_WHAT TO PRODUCE_
The reply to the records below should contain exactly the lines from the line with "Don Toliver Heaven or Hell L/S Tee Natural" through the line with "The European Parliament", and nothing besides.

_DATASET ENTRIES_

*** Block opens ***

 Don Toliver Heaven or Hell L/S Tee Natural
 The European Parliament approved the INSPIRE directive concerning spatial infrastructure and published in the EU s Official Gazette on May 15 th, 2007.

*** Block closes ***
*** Block opens ***

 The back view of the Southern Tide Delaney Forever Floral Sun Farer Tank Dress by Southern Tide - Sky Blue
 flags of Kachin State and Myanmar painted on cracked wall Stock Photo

*** Block closes ***

_RESULT OF THE TASK_
 Don Toliver Heaven or Hell L/S Tee Natural
 The European Parliament approved the INSPIRE directive concerning spatial infrastructure and published in the EU s Official Gazette on May 15 th, 2007.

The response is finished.